ADR-0588: vmaf-tune executor — per-shot and saliency execution modes¶
- Status: Accepted
- Date: 2026-05-16
- Deciders: lusoris
- Tags:
vmaf-tune,executor,per-shot,saliency,phase-f,fork-local
Context¶
ADR-0454 introduced vmaf-tune auto --execute, which drives real FFmpeg encodes and libvmaf scores for a planning-phase AutoPlan cell. That baseline covers the "whole-clip, no ROI bias" case. Two capabilities that the planning phase already supports needed equivalent execute-mode coverage:
-
Per-shot scoring: the Phase D planner (
per_shot.py) can split a source into shot boundaries (viavmaf-perShot/ TransNet V2) and recommend per-shot CRFs. Without an execute-mode counterpart, a caller can see the plan but cannot measure real per-shot VMAF without wiring up the plumbing themselves. -
Saliency-weighted encoding:
saliency.py/saliency_aware_encodeapplies per-codec ROI bias (x264 qpfile, x265 zones, SVT-AV1 qpmap, VVenC ROI CSV) to steer bits toward salient regions. The execute mode did not expose a saliency path, so callers had no single-call entry-point to encode-and-score with ROI bias active.

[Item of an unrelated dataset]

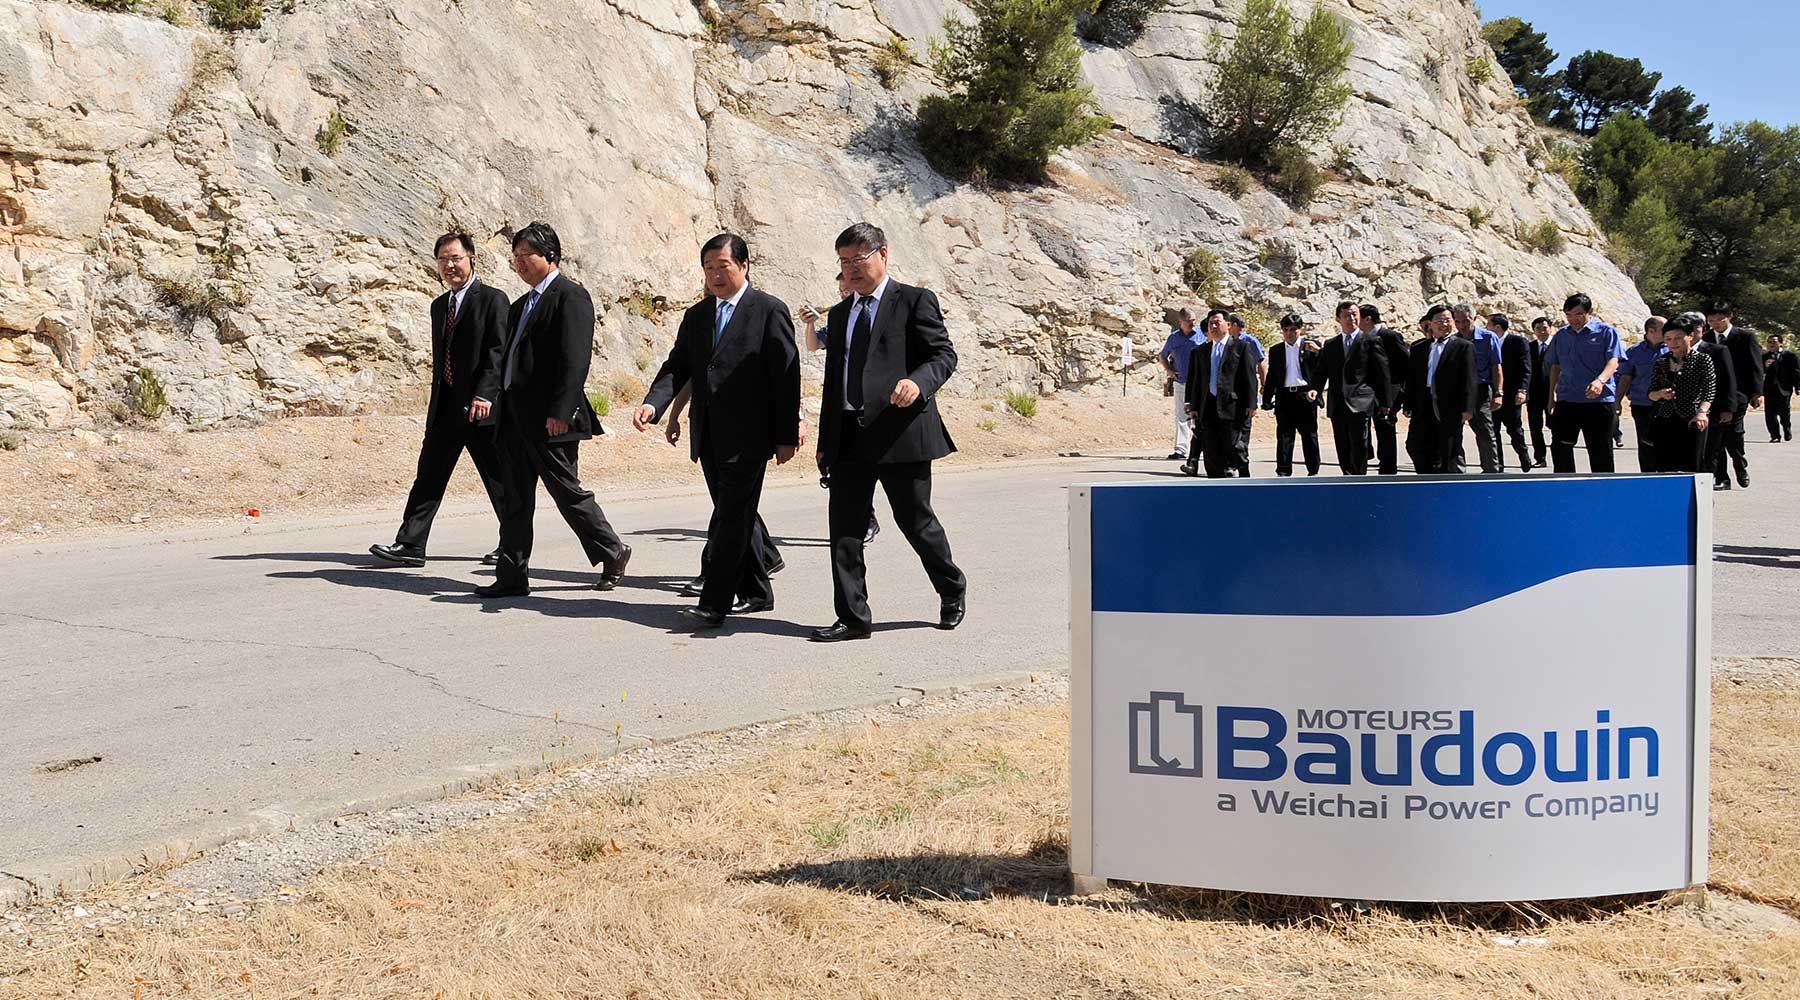 Group of people walking past a Moteurs Baudouin a Weichai Power Company sign.

The two modes are logically independent: per-shot is about temporal segmentation; saliency is about spatial bit allocation within a single encode.
Decision¶
We extend executor.py with two new public functions:
-
run_plan_per_shot: detects shot boundaries viadetect_shots(falls back to a single-shot range whenvmaf-perShotis absent), encodes and scores each shot segment independently usingframe_skip_ref/frame_cntto align the reference window, then reports a frame-length-weighted VMAF aggregate alongside per-shot rows intune_results_per_shot.jsonl. -
run_plan_saliency: wrapssaliency_aware_encodefor each selected cell, records whether saliency actually ran (vs graceful fallback), and scores the output in the standard encode → score pipeline, writing rows totune_results_saliency.jsonl.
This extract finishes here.